The % method works by inserting conversion specifiers into a string, each of which will be substituted by a proceeding variable or object. Let’s look at the details of these specifiers, then we’ll go over some examples.

Specifiers have the following format of required and optional parameters which must be inserted in the this order:

  1. The character %
  2. (Optional) Mapping key contained within parentheses: (key)
  3. (Optional) Conversion flags (see below)
  4. (Optional) Minimum field width, or how much character space must be saved for the input variable
  5. (Optional) Precision, or how many decimals are included in floating point numbers
  6. Conversion Type (presented in table below)

After a string containing these specifiers is ended, a % followed by either a tuple or dictionary is used to indicate the objects to be inserted.

The following is a table of conversion types that can be used:

Python Conversion Types
Symbol Output Format Note
"s" String Will convert non-string types into strings (e.g. floats and integers)
"d" Signed (+/-) Integer Decimal "i" can also be used
"f" Floating Point Decimal "F" can also be used
"e" Floating Point in Scientific Notation (e.g. 1.2e10) The symbol "E" outputs a capital "E" in output (e.g. 1.2E10)
"g" Floating Point with Variable Scientific Notation Will output a regular floating point, with scientific notation if exponent is less than -4. "G" will output a capital "E" in exponents
"%" % Symbol Used as an escape character for literally inserting a % into a string.

There are additional conversion types available for output in hexadecimal and octal, but those are less commonly used.

The following is a set of conversion flags for specifying additional operations within the specifier:

Python Conversion Flags
Symbol Operation Note
"0" Zero Padding for Numeric Values If a numeric character is less that the specified output width, "0"s will be used as padding
"-" Left Align Numbers are left-aligned. Overrides "0" padding above
" " (Space) Leading Decimal Space Leave a blank before positive numbers to align with negative numbers starting with a "-"
"+" Force Proceeding Sign Character (+/-) Will require a sign for numeric characters, regardless of negative or positive

Okay, I know we just threw a lot of information out there. Let’s take a look at an example to help clear things up. Suppose we wanted to insert a number into a string:

n = 42
s = "The secret number is %d" % n
print(s)
> The secret number is 42

Let break down the code from above. Inside of a string, we inserted the specifier %d. The specifier started with the required %, had no optional modifiers, and ended with the required conversion type d for a decimal output format. The string was followed by another %, indicating that we wish to format the string with variables, followed by a length 1 tuple of the variable we wanted to insert.
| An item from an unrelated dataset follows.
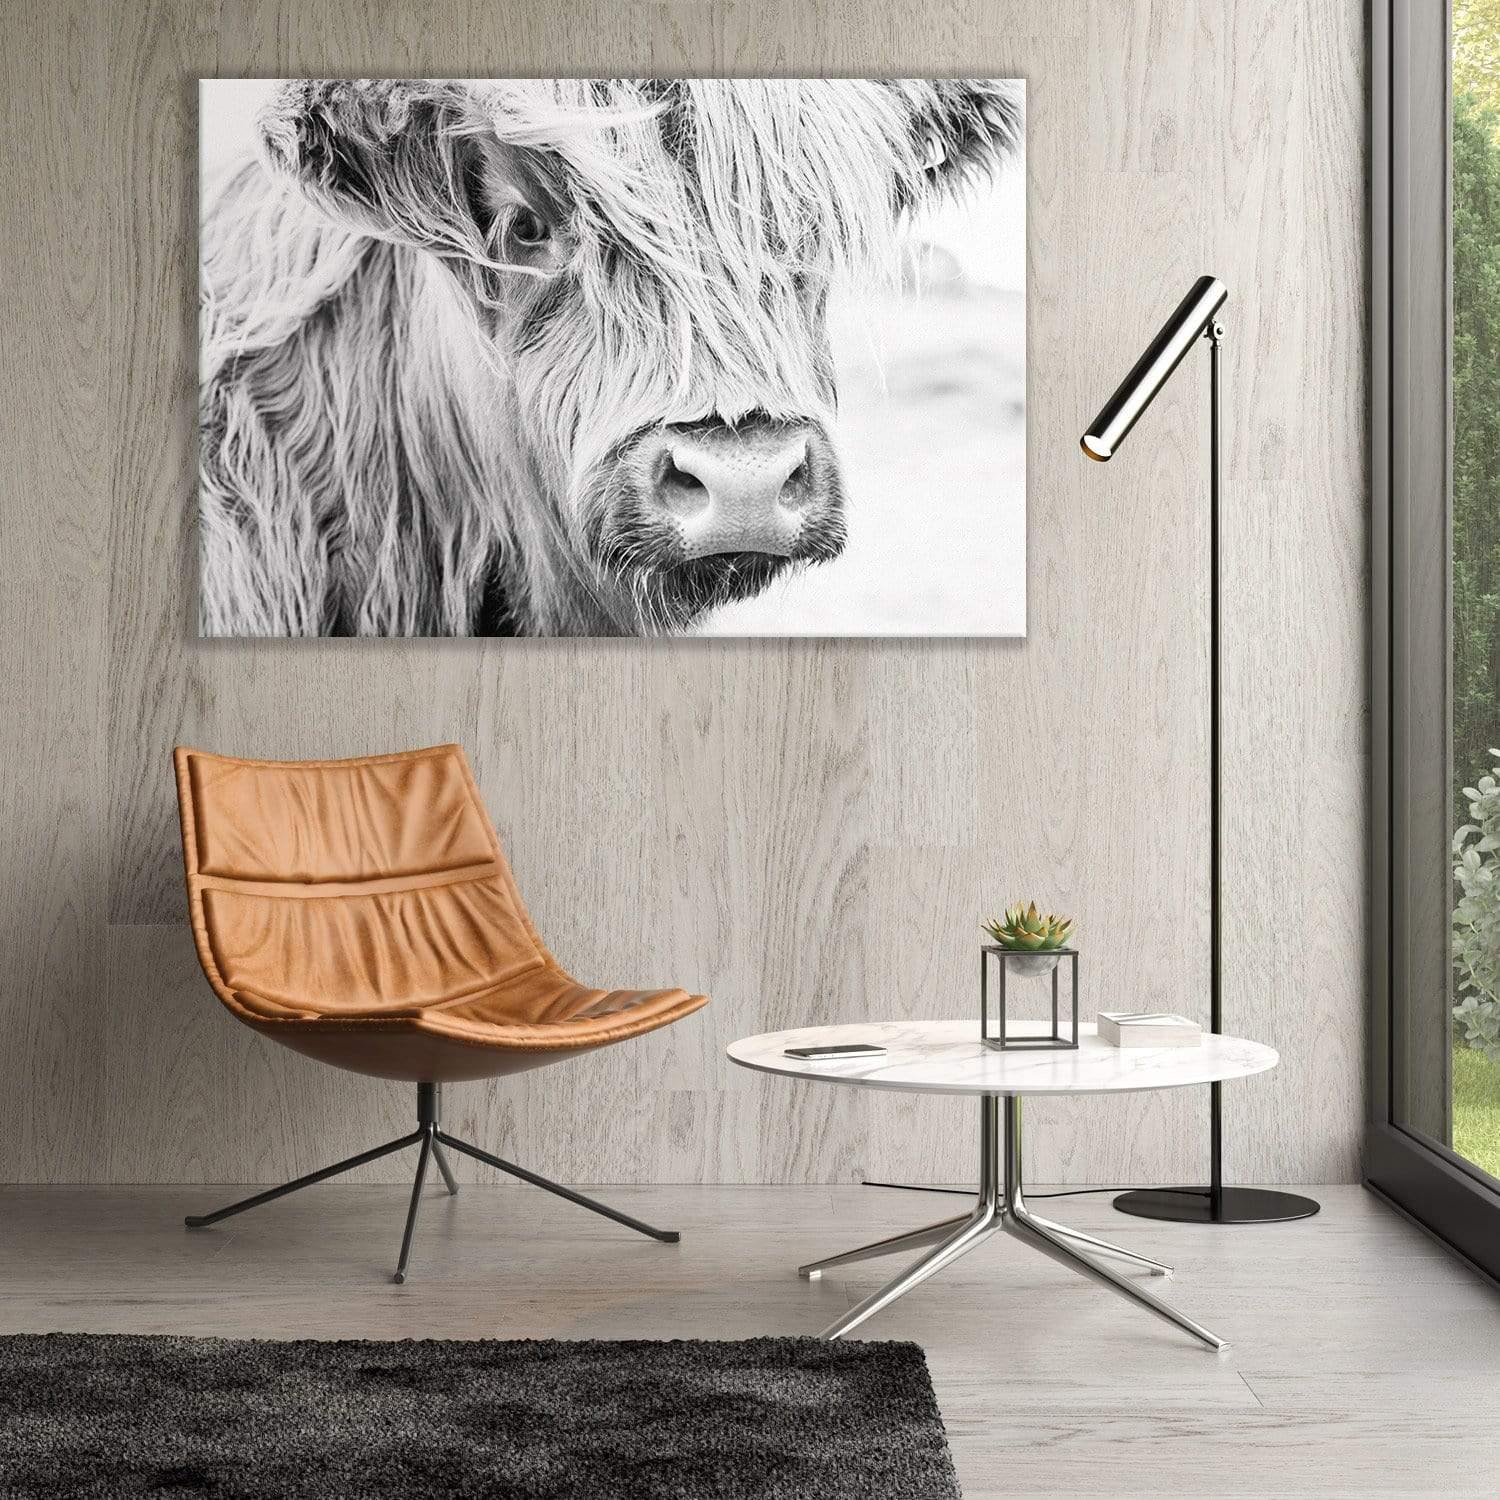 Highland cow black and white

We can also use more advanced conversion types on the above example:

n = 42
m = -22
s = "The secret number is %(is)d, not %(isnot)d" % {"is": n, "isnot": m}  # Use a dictionary as input
print(s)
> The secret number is 42, not -22
s = "The secret number is %d, not %d" % (n, m)  # Use a tuple as input
print(s)
> The secret number is 42, not -22
s = "The secret number is %+d, not %+d" % (n, m)  # Force use of signs
print(s)
> The secret number is +42, not -22

n = 42.2222222222222
m = -22.0
s = "The secret number is %07.2f, not %07.2f" % (n, m)  # Pad with 0's, force length of 7, with 2 decimals of precision for floating point
print(s)
> The secret number is 0042.22, not -022.00
s = "The secret number is %.2e, not %.2E" % (n, m)  # Use 2 decimals of precision, in two types of scientific notation
print(s)
> The secret number is 4.22e+01, not -2.20E+01

Formatting Python strings can be complicated. The best way to get comfortable with all the syntax is to experiment. Create short Python program like the ones above and tinker with the % strings using the tables above.


format Method

The format method uses a method associated with strings rather than an exterior statement like the older % method, if that makes any sense.

The format method follows closer to the Python standard of object use, and is preferred for use in new programs. The format method uses specifiers within a Python string, followed by a method call that references what values should be replaced by those specifiers.

At first glance the format method can look more confusing than the % method, but in practice it really is more straightforward - it just has more options. The nested lists of options will be detailed below. Don’t worry. I’ll follow up with some examples.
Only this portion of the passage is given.